▸ Assignment
Below are some entries. Count how many of their lines include "against", then give that number only.
====
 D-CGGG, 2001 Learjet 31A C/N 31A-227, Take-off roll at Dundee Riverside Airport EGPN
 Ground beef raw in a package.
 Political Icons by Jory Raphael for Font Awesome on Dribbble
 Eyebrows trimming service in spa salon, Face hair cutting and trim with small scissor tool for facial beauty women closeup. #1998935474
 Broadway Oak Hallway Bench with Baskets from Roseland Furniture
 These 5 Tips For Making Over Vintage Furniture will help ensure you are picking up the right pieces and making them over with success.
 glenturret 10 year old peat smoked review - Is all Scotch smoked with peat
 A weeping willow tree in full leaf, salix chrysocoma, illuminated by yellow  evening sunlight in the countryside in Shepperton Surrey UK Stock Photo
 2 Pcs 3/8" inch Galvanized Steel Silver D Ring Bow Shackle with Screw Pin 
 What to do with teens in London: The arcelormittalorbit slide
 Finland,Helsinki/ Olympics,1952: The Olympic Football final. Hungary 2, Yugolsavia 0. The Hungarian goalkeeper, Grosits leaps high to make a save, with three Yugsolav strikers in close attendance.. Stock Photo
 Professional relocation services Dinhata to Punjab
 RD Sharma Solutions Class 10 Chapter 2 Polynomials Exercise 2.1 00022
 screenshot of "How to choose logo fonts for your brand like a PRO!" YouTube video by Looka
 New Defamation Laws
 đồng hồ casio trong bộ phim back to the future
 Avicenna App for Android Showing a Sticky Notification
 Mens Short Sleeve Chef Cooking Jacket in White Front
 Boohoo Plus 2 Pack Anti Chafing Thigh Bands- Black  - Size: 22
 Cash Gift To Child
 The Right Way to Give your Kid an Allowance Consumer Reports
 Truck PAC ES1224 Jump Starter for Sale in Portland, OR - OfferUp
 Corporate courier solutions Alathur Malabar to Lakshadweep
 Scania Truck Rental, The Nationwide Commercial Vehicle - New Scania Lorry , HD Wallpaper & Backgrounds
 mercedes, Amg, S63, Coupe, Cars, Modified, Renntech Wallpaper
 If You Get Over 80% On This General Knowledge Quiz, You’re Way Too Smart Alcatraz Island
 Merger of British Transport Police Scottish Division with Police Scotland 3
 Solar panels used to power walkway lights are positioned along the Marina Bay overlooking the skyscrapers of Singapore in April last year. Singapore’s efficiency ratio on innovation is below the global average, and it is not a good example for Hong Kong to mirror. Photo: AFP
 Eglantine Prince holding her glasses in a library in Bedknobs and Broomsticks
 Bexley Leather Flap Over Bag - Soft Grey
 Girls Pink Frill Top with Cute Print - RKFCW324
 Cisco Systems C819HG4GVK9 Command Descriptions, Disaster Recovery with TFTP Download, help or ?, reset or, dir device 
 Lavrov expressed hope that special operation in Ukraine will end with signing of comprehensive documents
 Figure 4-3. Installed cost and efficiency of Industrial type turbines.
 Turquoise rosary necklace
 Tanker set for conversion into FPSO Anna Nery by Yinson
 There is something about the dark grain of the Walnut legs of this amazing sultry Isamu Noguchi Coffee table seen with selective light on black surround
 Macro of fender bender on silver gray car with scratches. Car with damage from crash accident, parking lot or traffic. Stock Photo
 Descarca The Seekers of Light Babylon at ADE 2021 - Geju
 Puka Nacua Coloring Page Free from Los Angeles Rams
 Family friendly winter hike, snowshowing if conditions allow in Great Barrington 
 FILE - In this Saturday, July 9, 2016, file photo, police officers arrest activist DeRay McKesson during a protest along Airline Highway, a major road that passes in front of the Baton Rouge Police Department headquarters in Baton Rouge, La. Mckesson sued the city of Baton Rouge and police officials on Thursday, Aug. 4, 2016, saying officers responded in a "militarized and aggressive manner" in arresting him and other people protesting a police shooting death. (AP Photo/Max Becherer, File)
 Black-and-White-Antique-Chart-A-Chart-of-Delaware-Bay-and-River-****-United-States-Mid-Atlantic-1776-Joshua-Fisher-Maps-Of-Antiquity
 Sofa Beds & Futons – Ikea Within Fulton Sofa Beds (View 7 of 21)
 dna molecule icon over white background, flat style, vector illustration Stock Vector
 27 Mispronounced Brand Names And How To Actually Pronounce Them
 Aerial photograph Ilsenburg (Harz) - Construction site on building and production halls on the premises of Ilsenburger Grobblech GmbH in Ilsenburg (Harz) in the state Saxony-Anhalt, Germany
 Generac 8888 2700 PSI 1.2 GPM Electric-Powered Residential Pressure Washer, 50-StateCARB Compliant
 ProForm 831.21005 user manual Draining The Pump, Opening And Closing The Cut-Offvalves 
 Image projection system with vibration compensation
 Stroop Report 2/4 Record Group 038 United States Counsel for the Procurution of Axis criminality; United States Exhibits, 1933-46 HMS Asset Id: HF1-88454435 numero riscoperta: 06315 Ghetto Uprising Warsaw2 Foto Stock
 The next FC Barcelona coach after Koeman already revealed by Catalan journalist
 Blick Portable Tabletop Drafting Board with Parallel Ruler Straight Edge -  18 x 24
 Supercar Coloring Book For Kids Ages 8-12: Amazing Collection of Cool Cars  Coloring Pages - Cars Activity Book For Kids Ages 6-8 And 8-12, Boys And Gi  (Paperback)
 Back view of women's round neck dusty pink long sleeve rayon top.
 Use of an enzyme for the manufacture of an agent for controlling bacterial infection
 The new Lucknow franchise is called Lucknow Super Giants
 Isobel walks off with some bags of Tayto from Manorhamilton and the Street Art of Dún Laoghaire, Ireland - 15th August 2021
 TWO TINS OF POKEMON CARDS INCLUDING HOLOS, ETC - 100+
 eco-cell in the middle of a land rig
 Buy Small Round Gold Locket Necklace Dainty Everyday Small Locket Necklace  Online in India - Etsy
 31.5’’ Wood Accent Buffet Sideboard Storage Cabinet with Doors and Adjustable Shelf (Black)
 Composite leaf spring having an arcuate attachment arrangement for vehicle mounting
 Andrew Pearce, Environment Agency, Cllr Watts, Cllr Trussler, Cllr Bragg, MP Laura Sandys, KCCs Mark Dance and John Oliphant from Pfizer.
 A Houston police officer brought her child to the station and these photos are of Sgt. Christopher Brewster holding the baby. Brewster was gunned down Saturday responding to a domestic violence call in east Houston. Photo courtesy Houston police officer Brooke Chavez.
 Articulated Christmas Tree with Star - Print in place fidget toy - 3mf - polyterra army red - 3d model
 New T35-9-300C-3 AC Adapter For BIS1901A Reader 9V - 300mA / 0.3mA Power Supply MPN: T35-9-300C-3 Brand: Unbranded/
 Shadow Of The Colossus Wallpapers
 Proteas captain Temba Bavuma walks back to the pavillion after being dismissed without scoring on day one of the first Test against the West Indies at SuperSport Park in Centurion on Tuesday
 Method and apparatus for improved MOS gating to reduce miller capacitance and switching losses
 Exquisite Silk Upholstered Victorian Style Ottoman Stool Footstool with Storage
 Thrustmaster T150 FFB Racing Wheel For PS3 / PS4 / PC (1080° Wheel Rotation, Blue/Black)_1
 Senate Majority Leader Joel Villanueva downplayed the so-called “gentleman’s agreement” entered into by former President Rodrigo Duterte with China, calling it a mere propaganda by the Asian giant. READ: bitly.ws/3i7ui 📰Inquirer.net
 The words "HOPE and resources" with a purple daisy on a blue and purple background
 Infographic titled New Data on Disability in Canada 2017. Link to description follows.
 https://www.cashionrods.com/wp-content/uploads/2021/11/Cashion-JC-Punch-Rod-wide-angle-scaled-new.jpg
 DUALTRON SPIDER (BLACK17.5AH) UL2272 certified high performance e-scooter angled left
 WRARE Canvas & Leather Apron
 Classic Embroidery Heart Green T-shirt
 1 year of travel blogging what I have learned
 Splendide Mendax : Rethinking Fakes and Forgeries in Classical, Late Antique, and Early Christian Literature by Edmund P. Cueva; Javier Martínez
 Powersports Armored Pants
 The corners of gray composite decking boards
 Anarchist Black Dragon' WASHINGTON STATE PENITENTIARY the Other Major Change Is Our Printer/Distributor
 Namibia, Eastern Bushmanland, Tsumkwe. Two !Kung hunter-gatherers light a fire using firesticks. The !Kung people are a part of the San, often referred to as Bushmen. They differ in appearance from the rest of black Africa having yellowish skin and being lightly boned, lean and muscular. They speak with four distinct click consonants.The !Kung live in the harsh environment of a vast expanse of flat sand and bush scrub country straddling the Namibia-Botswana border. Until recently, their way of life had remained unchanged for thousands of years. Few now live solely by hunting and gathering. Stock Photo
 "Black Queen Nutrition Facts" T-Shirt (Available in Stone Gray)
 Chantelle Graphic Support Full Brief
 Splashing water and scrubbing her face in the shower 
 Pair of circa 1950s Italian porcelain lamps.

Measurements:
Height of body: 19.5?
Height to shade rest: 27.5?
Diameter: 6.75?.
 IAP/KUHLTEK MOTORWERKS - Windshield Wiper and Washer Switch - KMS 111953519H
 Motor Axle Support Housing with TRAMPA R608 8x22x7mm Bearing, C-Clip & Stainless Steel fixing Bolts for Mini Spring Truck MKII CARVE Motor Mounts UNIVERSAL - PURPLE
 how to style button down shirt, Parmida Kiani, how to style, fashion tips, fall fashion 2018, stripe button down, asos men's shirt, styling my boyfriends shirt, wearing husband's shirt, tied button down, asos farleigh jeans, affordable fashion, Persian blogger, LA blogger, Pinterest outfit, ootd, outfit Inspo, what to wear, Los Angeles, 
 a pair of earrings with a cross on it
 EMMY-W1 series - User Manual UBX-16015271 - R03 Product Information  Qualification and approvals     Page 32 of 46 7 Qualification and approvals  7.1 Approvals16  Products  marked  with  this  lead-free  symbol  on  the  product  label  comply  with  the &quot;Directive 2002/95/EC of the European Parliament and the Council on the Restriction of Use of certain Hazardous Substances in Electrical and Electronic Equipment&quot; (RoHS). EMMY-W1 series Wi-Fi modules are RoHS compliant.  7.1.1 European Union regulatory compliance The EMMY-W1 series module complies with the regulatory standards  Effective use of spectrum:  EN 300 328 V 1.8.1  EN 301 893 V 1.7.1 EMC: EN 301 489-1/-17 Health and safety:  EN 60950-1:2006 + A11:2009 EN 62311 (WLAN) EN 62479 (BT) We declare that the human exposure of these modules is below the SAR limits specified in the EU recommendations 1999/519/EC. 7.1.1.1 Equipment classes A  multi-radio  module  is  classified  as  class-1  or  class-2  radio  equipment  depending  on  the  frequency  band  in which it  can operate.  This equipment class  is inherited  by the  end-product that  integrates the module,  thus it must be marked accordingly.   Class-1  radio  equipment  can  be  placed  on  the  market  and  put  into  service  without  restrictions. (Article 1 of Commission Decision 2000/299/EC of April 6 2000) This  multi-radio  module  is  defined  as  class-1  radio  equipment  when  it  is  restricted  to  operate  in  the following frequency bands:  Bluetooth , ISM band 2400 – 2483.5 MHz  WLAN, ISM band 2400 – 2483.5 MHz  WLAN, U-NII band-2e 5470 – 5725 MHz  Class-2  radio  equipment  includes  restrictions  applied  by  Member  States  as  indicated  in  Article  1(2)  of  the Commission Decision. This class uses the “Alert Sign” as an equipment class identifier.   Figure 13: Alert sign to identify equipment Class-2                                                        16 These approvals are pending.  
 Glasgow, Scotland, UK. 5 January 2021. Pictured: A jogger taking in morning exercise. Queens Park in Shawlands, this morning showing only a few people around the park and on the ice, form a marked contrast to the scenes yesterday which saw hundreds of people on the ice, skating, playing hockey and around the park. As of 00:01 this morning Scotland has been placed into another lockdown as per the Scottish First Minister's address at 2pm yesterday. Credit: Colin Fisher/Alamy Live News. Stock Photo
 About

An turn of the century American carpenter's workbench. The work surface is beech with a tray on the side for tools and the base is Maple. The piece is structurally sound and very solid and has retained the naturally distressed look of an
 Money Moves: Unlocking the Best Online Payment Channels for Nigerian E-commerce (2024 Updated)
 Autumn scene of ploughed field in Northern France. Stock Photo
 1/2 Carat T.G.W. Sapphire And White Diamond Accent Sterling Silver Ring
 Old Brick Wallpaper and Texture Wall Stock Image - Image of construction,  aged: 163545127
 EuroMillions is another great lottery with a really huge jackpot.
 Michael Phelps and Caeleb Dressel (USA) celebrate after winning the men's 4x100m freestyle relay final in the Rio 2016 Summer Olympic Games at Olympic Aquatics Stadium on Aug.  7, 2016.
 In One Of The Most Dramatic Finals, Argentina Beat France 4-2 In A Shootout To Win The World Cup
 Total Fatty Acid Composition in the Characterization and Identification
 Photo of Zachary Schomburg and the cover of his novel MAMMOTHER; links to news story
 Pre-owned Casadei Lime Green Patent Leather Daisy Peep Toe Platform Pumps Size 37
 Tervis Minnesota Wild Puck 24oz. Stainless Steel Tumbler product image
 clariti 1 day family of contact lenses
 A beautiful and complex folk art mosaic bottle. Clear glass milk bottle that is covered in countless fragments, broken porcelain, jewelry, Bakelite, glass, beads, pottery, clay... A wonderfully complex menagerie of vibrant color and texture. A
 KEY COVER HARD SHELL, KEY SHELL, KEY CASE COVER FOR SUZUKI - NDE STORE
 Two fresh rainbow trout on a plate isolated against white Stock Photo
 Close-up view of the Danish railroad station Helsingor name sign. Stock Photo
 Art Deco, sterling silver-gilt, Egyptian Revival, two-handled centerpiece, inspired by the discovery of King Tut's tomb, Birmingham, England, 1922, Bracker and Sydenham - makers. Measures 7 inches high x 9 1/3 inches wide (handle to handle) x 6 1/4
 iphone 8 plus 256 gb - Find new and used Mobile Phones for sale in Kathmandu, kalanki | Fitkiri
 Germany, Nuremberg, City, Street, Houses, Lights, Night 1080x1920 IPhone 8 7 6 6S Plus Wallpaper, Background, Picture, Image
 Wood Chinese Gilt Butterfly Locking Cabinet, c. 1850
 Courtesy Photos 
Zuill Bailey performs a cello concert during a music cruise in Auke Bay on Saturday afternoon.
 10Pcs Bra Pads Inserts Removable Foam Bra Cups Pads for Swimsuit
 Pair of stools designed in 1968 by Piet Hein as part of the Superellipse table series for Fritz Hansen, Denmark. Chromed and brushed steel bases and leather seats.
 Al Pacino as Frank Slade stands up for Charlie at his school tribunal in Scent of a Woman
====
▸ Answer to the exercise
2